What you should do:
With pictures excluded, copy word for word the lines in the data below from the line containing "Posado del último" through the line containing "青のSP(スクールポリス)-学校内警察・嶋田隆平- DVD-BOX〈6枚組".

──────── Stored data

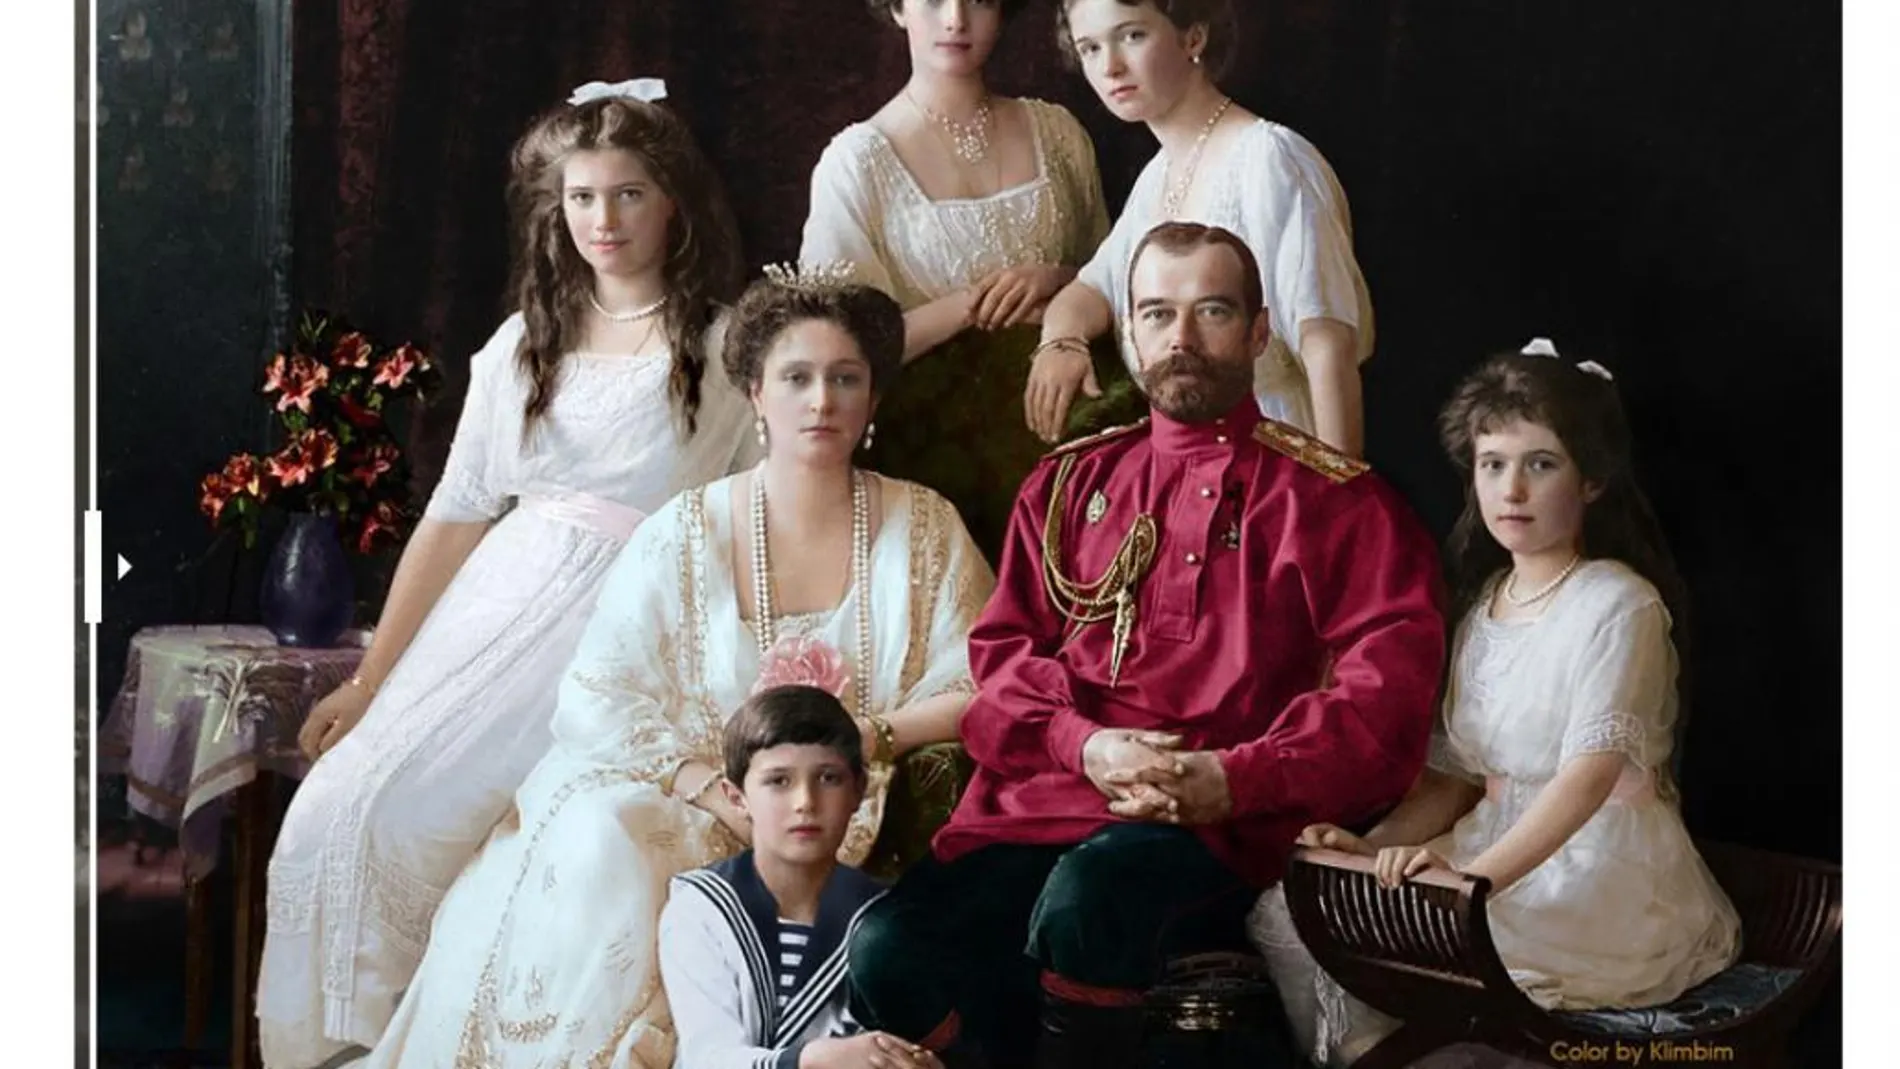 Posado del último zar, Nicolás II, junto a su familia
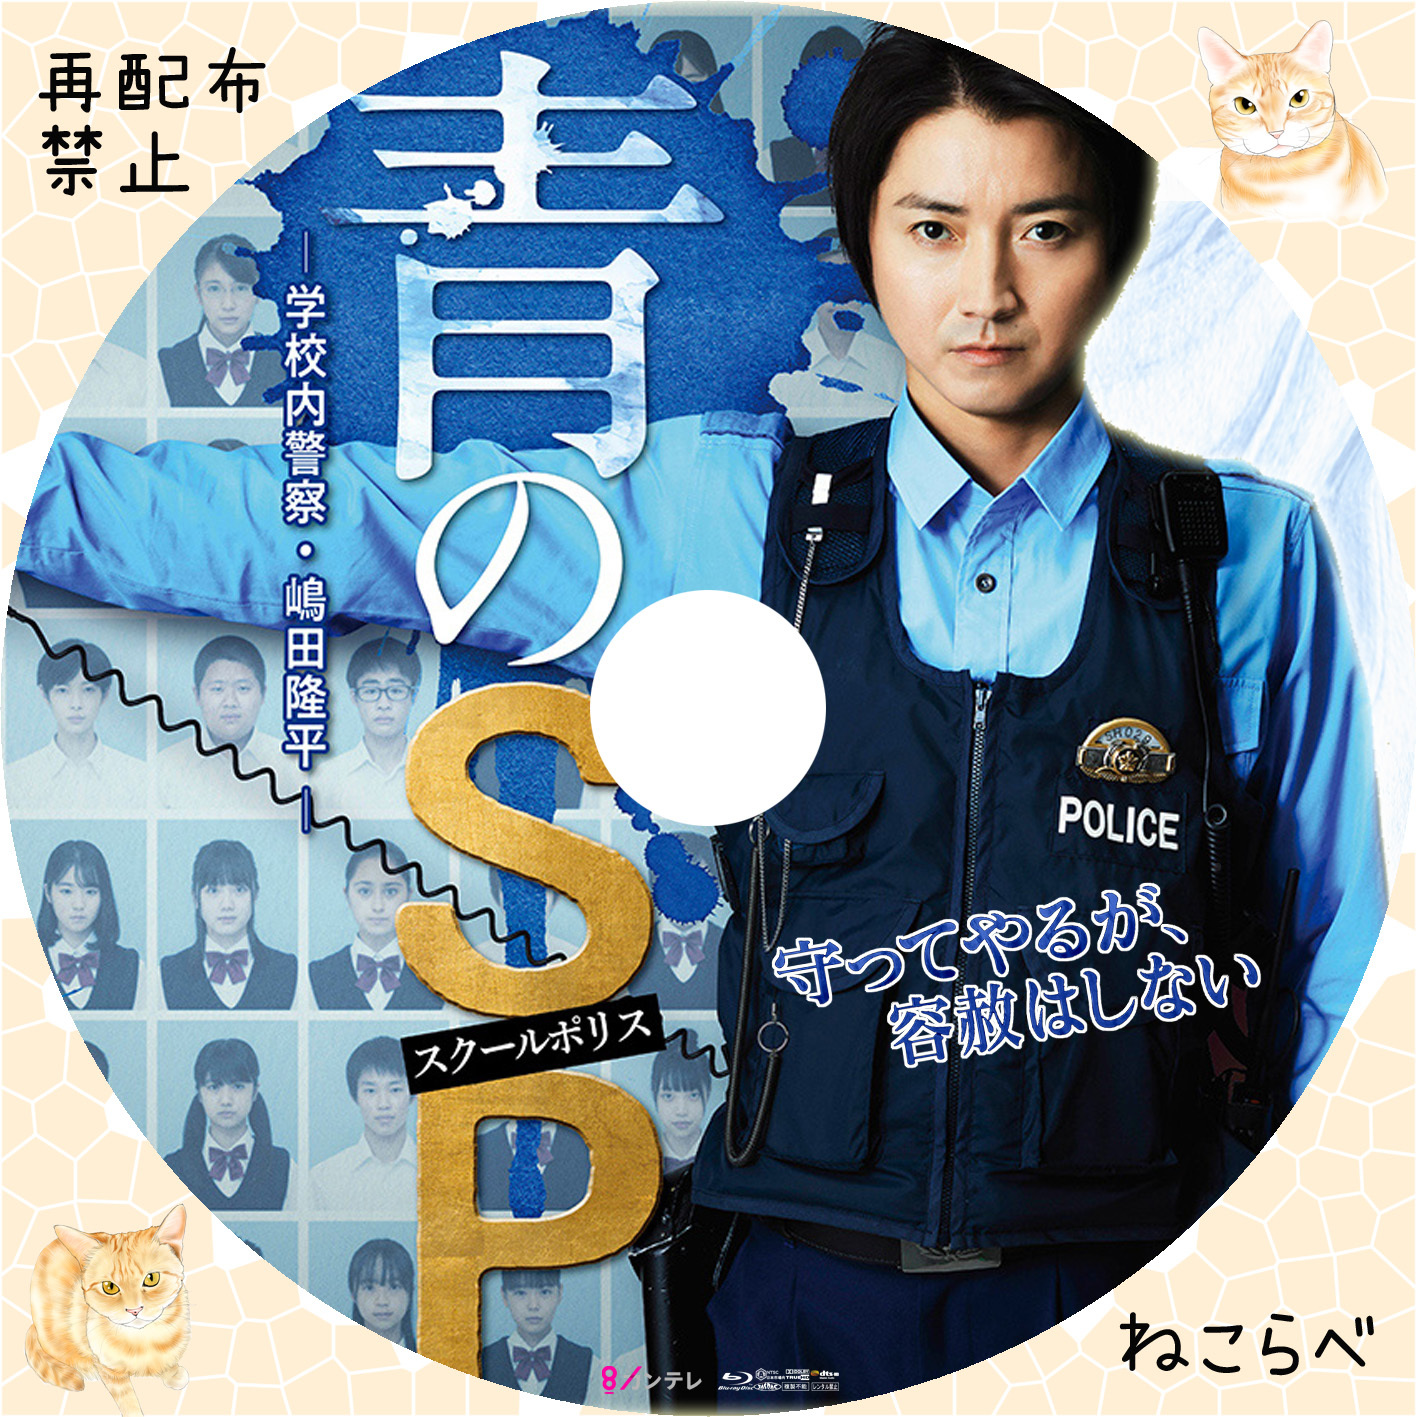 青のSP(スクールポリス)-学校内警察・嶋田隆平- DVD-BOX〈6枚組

────────────────
──────── Stored data

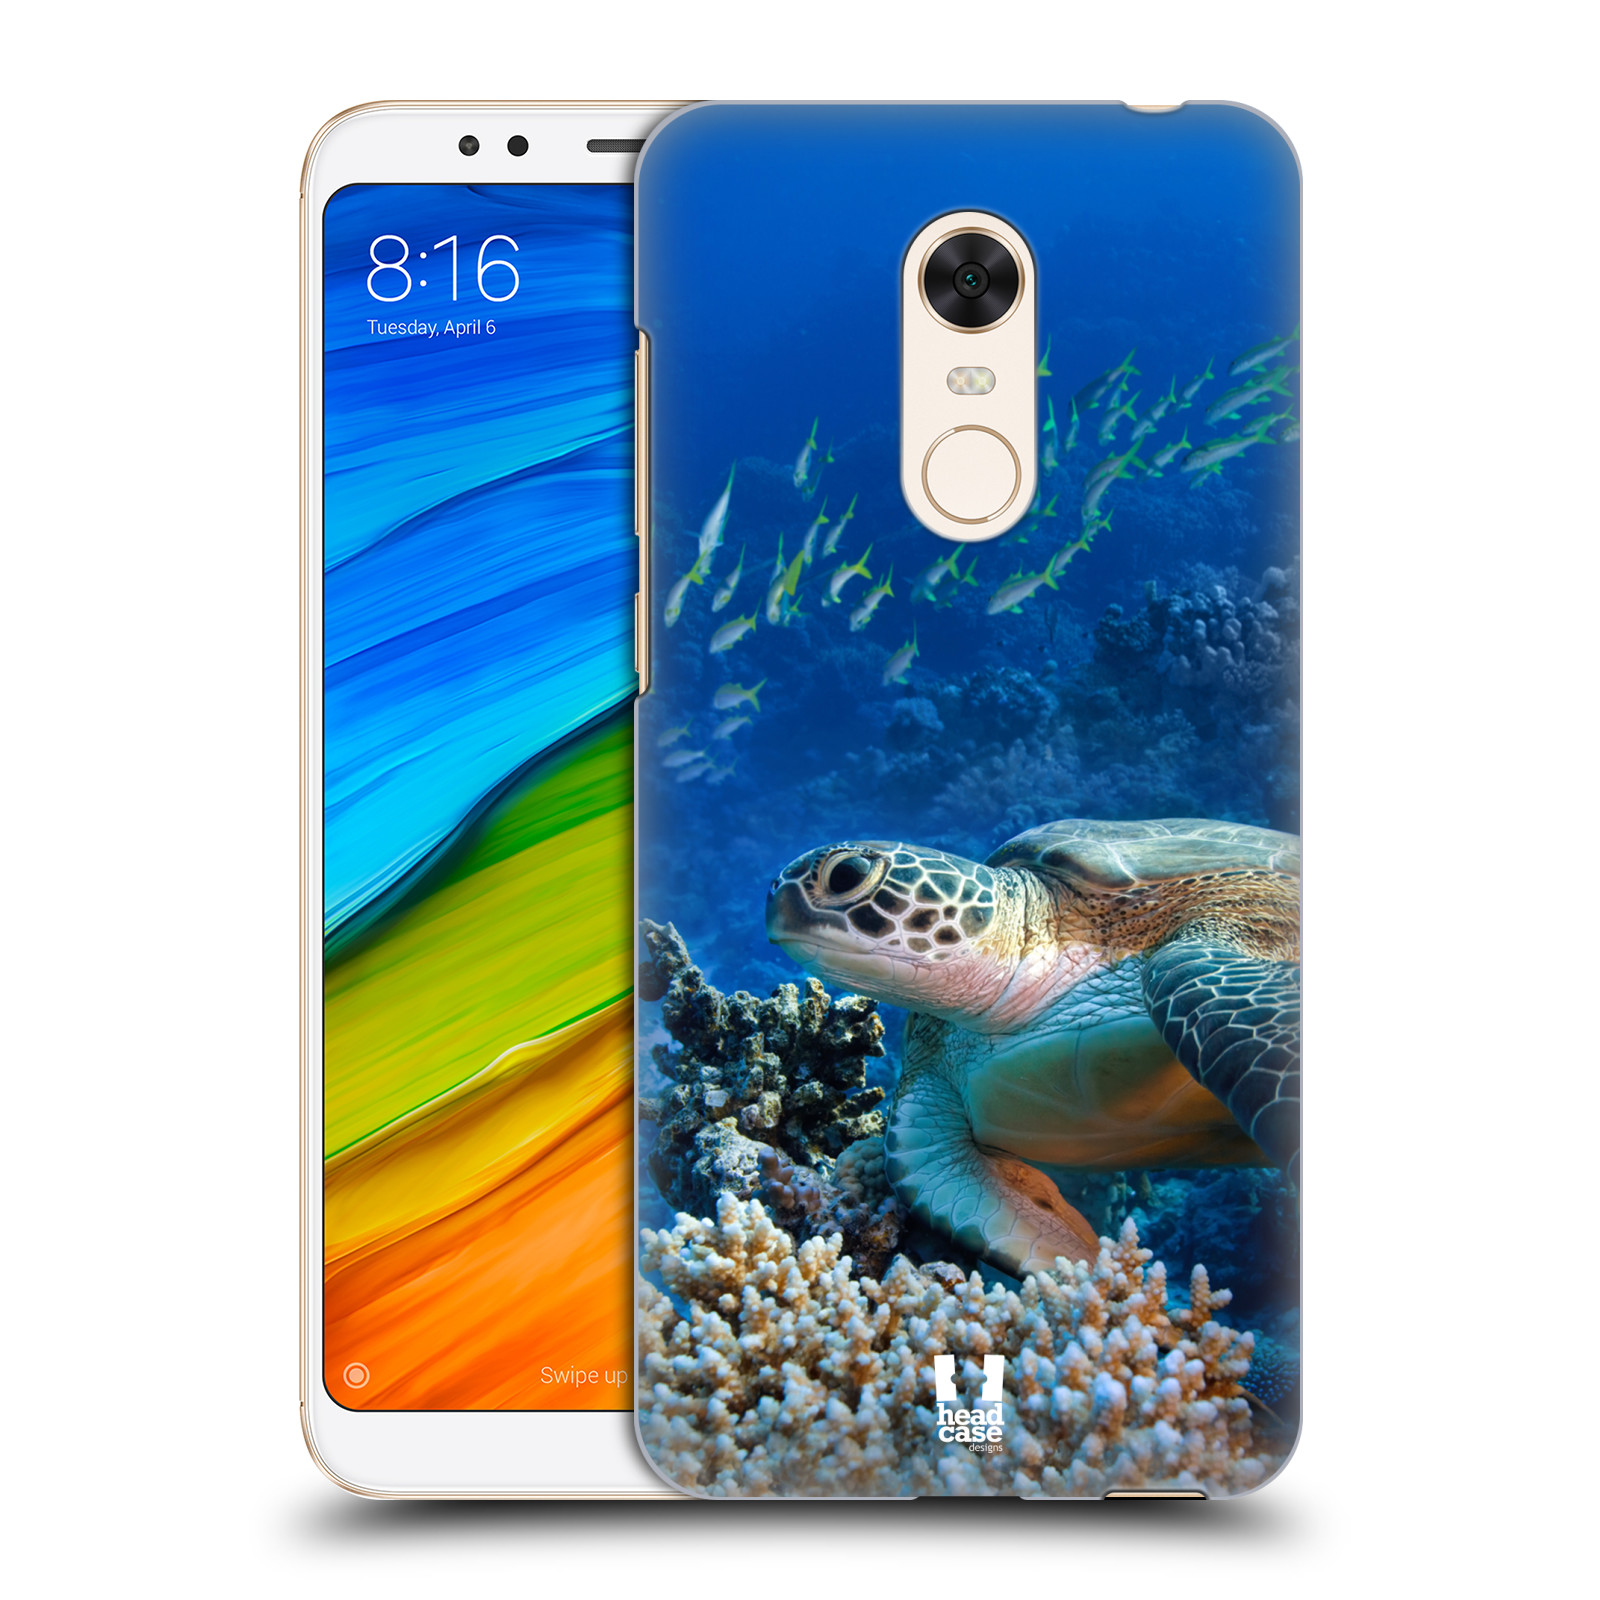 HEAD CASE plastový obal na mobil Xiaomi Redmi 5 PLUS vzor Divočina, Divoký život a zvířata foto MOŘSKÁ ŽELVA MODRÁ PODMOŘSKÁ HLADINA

────────────────

Exercise output:
 Posado del último zar, Nicolás II, junto a su familia
 青のSP(スクールポリス)-学校内警察・嶋田隆平- DVD-BOX〈6枚組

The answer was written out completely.